The data on ADRs and ADRPs were sourced from DART5 (Version March/03/2009) and CTD6 (Version Oct/18/2012). All ADRs were uniformly named according to FDA MedWatch and the ADRP names were converted to gene symbols. PPI networks were obtained from the HPRD. DRPs that were drug targets, drug-related enzymes, or drug-related transporters were collected from DrugBank15 (Version Jan/14/2011). Essential genes, which are indispensable for cellular life, were taken from the literature published by Tu et al16. Protein-tissue distribution data were obtained from the EST databases of the NCBI17. Protein subcellular location data were obtained from UniProt Knowledgebase (UniProtKB18, Version, Oct/3/2012) and proteins were classified as extracellular, plasma membrane, cytoplasm, organelles, or nucleus.

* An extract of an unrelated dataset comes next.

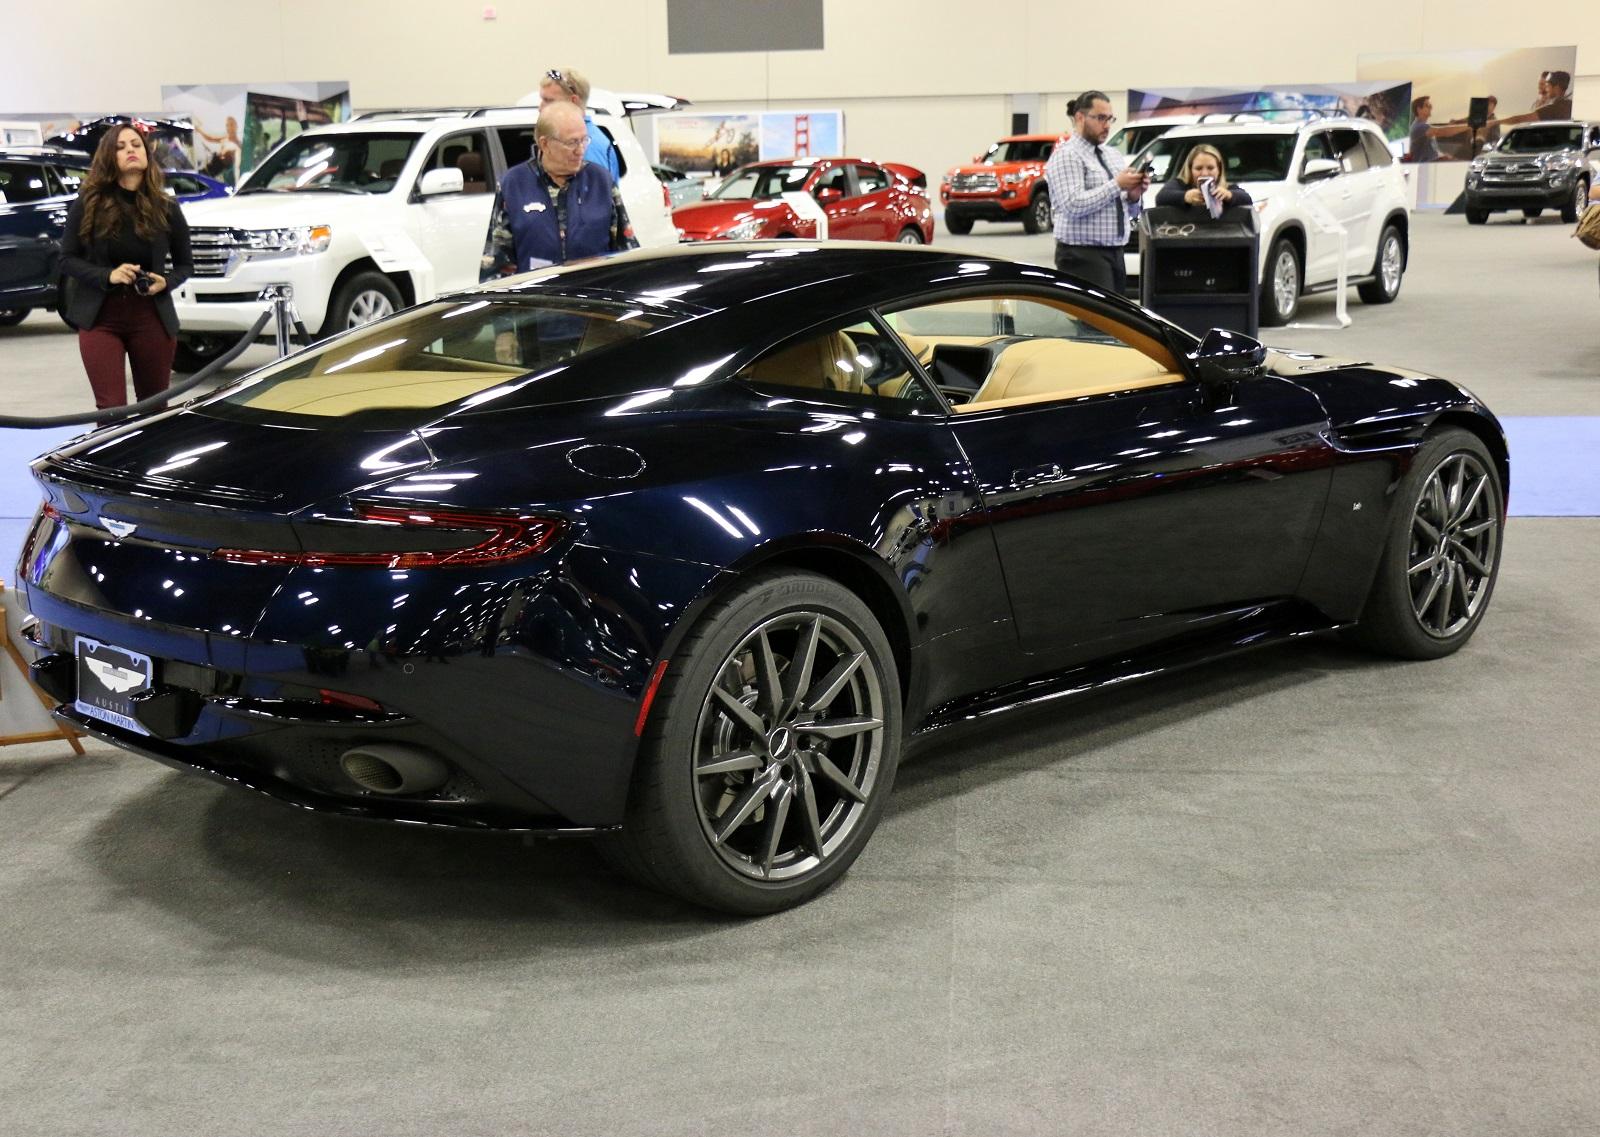 Gallery San Antonio Auto Show TeamSpeed - San antonio car show

By integrating these data, we obtained 622 ADRs, 547 ADRPs, 1,445 approved DRPs and 298 RDRPs.

ADR-protein network

To generate the ADR-protein network, we first incorporated relationships between ADR and ADRP sourced from DART and CTD. An ADR and an ADRP were connected to each other if the ADRP was a known related protein of the ADR, giving rise to a bipartite graph of ADR-ADRP interactions. Next, to better understand ADR mechanisms, we added the directed interactions between ADRPs from human PPIs to the bipartite network of ADR-ADRP interactions. The union of the ADR-ADRP and ADRP-ADRP interactions resulted in our ADR-protein network. In this network, nodes represented either ADRs or ADRPs and edges encoded either ADR-ADRP or ADRP-ADRP interactions. The ADR-protein network was constructed by connecting the relationships between ADRs and ADRPs and the interactions between ADRPs from PPI. We then analysed the topological characteristics, mined modules using MINE19, a plugin of Cytoscape20 and identified associations between modules and GO biological processes using BinGO21. Default parameters were used for both plugins, with the exception of selecting Homo sapiens as the species. Random networks were generated by applying RandomNetworks while keeping the size of nodes and edges the same as in the ADR-gene network (Azuaje, F.J et al., 2011)22. First, we chose the parameter ‘Compare against generated random networks’. In the ‘Generate Random Network’ section, we chose the Erdos Renyi Model to generate a flat random network with 1,000 permutations. In the Erdos Renyi Model, we chose G (n, m), which uniformly generates a random undirected-edge graph with 1,169 nodes and 9,613 edges. We then compared the two networks using the following metrics: clustering coefficient, average degree, degree distribution and mean shortest path.

Network topology characteristics analysis in PPI

The human PPI network was constructed based on PPI data from the HPRD. We compared the topological characteristics of ADRPs, DRPs and essential genes in the PPI network using the Network Analysis Cytoscape plugin20.